An increasing amount of inferences are not performed at all in the data center – they are performed on the fringes, where performance, space, heat, and cost constraints can often drive GPUs out of service. The problem here is that you can't just port the code written for Nvidia CUDA to an x86 CPU. Hence, a developer must make difficult decisions about which architectures to plan and support. These decisions affect the maintainability of the code as well as road performance over time.
Although Intel's OneAPI framework is really open, and Intel invites hardware developers to write their own libraries for non-Intel parts, obviously Xe graphics are a top-notch citizen there – as are Intel CPUs. The siren call of deep learning libraries, once written and once serviced to run on dedicated GPUs, integrated GPUs, and x86 CPUs, may be enough to spark serious interest in Xe graphics among AI developers which simple competition for performance would not.
As always, it is a good idea to maintain a healthy level of skepticism when vendors make claims about unreleased hardware. That said, we've seen enough detail from Intel to draw our attention to the GPU front, especially with the (strategic?) Leaked Xe LP benchmarks to back up their claims so far.
We believe the most important thing to look out for here is Intel's holistic strategy. Intel executives have been telling us for several years that the company is no longer a "CPU company" and invests as much in software as it does in hardware. In a world where it is easier to buy more hardware than hire (and manage) more developers, this seems like a smart strategy.

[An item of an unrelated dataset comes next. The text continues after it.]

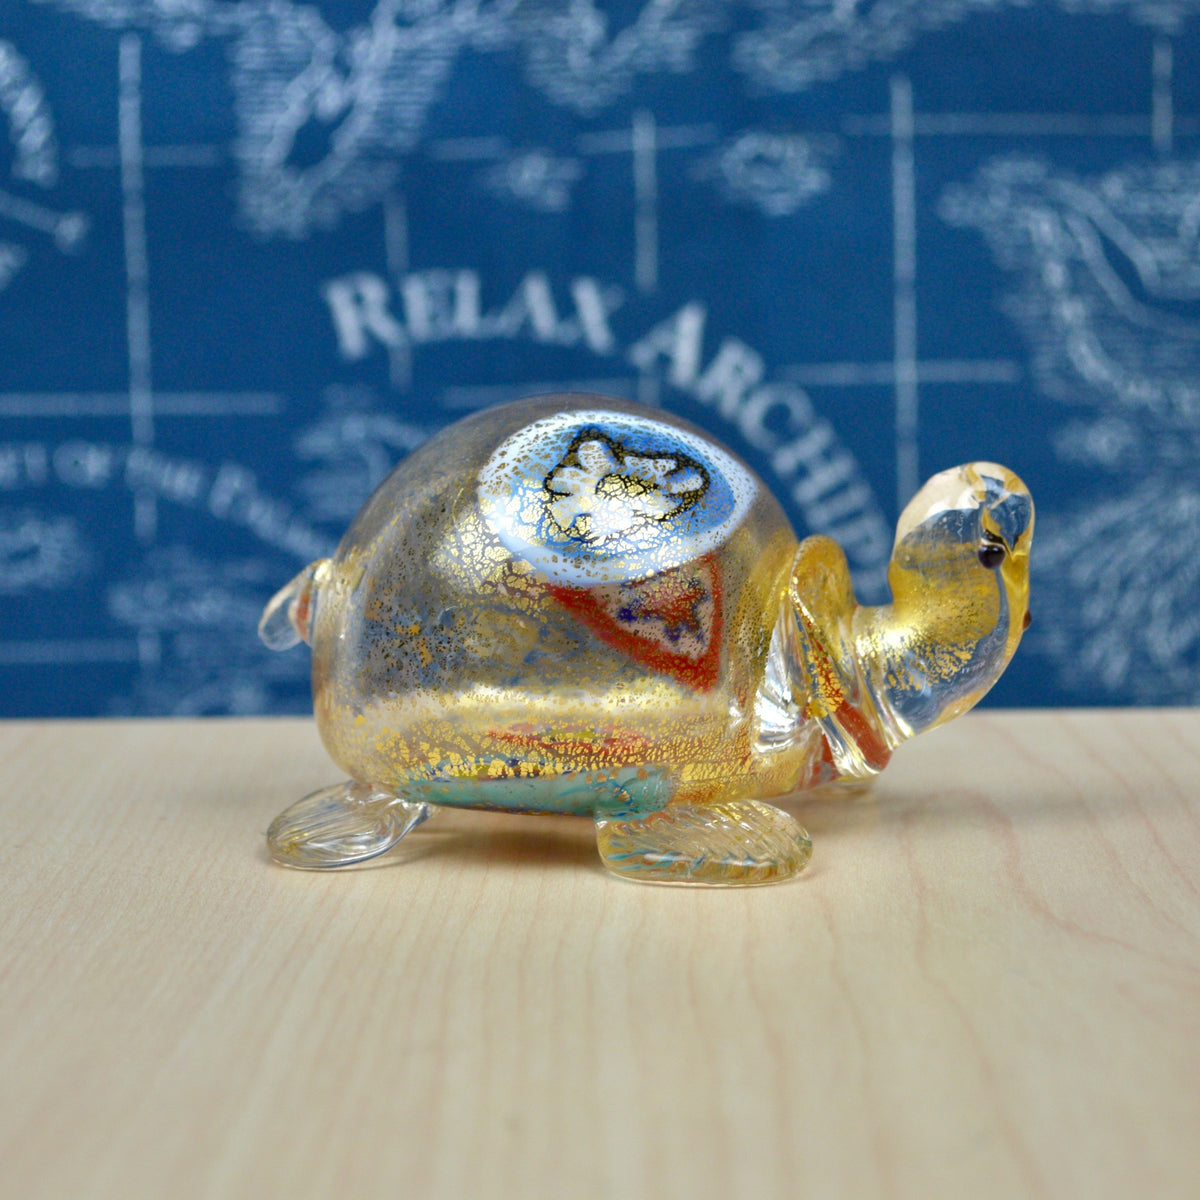 Murano Glass Turtle, Decorative Figurine, Made in Italy - My Italian Decor

High quality drivers have long been a hallmark of Intel's integrated graphics. While gaming may not have been top notch on UHD graphics, the user experience has been overwhelming as expectations "just work" on all platforms. If Intel can manage to extend this "it just works" expectation to deep learning development with OneAPI, we believe there is a real opportunity to break Nvidia's current lockdown on the deep learning GPU market.
In the meantime, we're really looking forward to the Xe LP graphics debut in the real world when Tiger Lake launches in September.